03 abr A nova lei de internação compulsória, por Luís Antônio de Abreu Johnson
Artigo de autoria do juiz de Direito Luís Antônio de Abreu Johnson, publicado no dia 1º de abril no jornal O Informativo do Vale de Lajeado.
Ainda tramita, a passos lentos, o Projeto de Lei nº 7.663/2010, de autoria do hoje ministro gaúcho Osmar Terra, que altera a Lei Antidrogas. Em apertada síntese, o texto prevê penas mais duras para trafi cantes, internação compulsória sem a necessidade de intervenção judicial, como forma de antecipar o tratamento a dependentes químicos, e a criação de uma grande rede de comunidades terapêuticas sob a responsabilidade do Poder Público, estas vocacionadas aos ditos tratamentos de longa duração.
O projeto, de igual forma, cria um cadastro nacional de informações e acrescenta 33 novos dispositivos à Lei nº 11.343, de 23 de agosto de 2006, que, atualmente, dispõe sobre a repressão ao tráfi co de entorpecentes, define crimes, prescreve medidas para a prevenção do uso indevido, atenção e reinserção social de usuários e dependentes de drogas. Afora isso, e mui especialmente, altera substancialmente a Lei nº 10.216, de 6 de abril de 2001, que cuida da proteção e dos direitos das pessoas com transtornos mentais e redireciona o modelo assistencial em saúde mental (a conhecida Lei da Reforma Psiquiátrica de 2001).
Induvidosamente, o tema, que é objeto de acendrado debate na Casa legislativa, é a internação compulsória sem o consentimento do paciente e independentemente de autorização judicial como forma de antecipar o tratamento, segundo as próprias palavras do deputado gaúcho Osmar Terra, autor do projeto.
Tomando-se em linha de consideração a degradação social causada pelo uso de substâncias entorpecentes pesadas, em especial, pelo uso do crack, é inquestionável que a iniciativa parlamentar merece aplausos. O Brasil tem urgência de encontrar novas soluções para a pandemia que aniquila a juventude, corrói o seio familiar e é hoje o maior estímulo à criminalidade. Enfim, a questão do combate ao tráfico de substâncias entorpecentes não pode ser tema de maiores digressões no Parlamento nacional.
O que se questiona, todavia, é o tratamento a ser ministrado aos usuários e dependentes. Não é demasia asseverar que a lei vigente (Lei nº 10.216/2001) já define a internação para tratamento, de modo voluntário (quando o paciente aceita ser tratado), e a involuntária ou compulsória, que se opera por decisão judicial, observado o devido processo legal, inclusive com a oportunidade de o paciente contestar a ação, produzir provas, inclusive opondo-se à medida.

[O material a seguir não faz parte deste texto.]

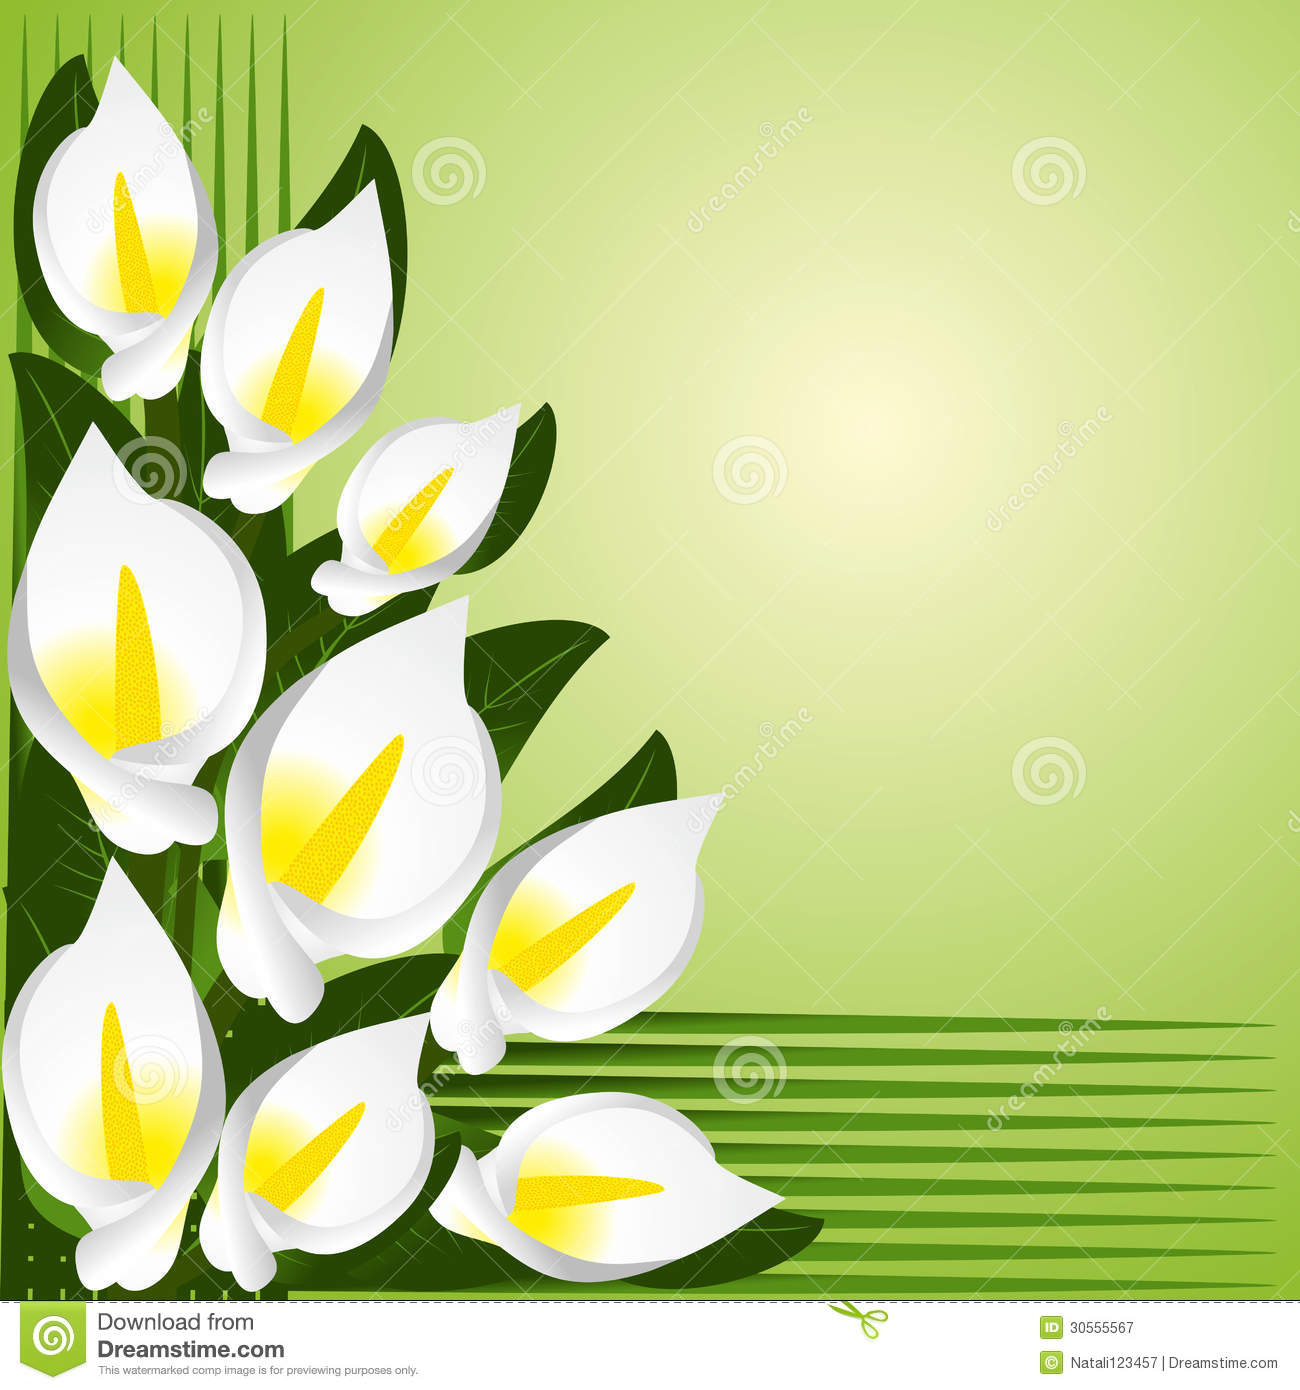 Calla Lily Wallpaper Border Flower With

Deve ganhar fôlego e corpo, a meu sentir, a discussão sobre as garantias de que haverá uma rede de clínicas e comunidades terapêuticas públicas, dotadas de equipe multidisciplinar (psiquiatras, psicólogos, assistentes sociais, terapeutas ocupacionais, enfermeiros, etc.), com programas comprovadamente eficazes e de fácil acesso, até mesmo em nível ambulatorial, quando o grau de dependência química ainda não se mostrar elevado.
Tenho que o ser humano só pode ser conduzido compulsoriamente para o tratamento contra a drogadição em clínicas de desintoxicação e comunidades terapêuticas tecnicamente apropriadas, o que, hoje, raramente acontece, notadamente pela ação de profissionais da área, os quais são adeptos da cultura antipsiquiátrica e antimedicalização, mesmo em pacientes com surtos psíquicos graves.
Sem esses pressupostos, o afastamento, à força, de drogados da ruas e de famílias atônitas pelo efeitos deletérios do vício da droga, se constituirá apenas numa faxina social que viola direitos humanos fundamentais e atende aos interesses de uma política higienista (que tanto mal já causou ao país), cujo objetivo primordial é retirar viciados em drogas da via pública mesmo que seja para submetê-los a toda sorte de constrangimentos e a tratamento que transgride o princípio de envergadura constitucional da dignidade da pessoa humana, base do Estado Democrático de Direito que tanto almejamos.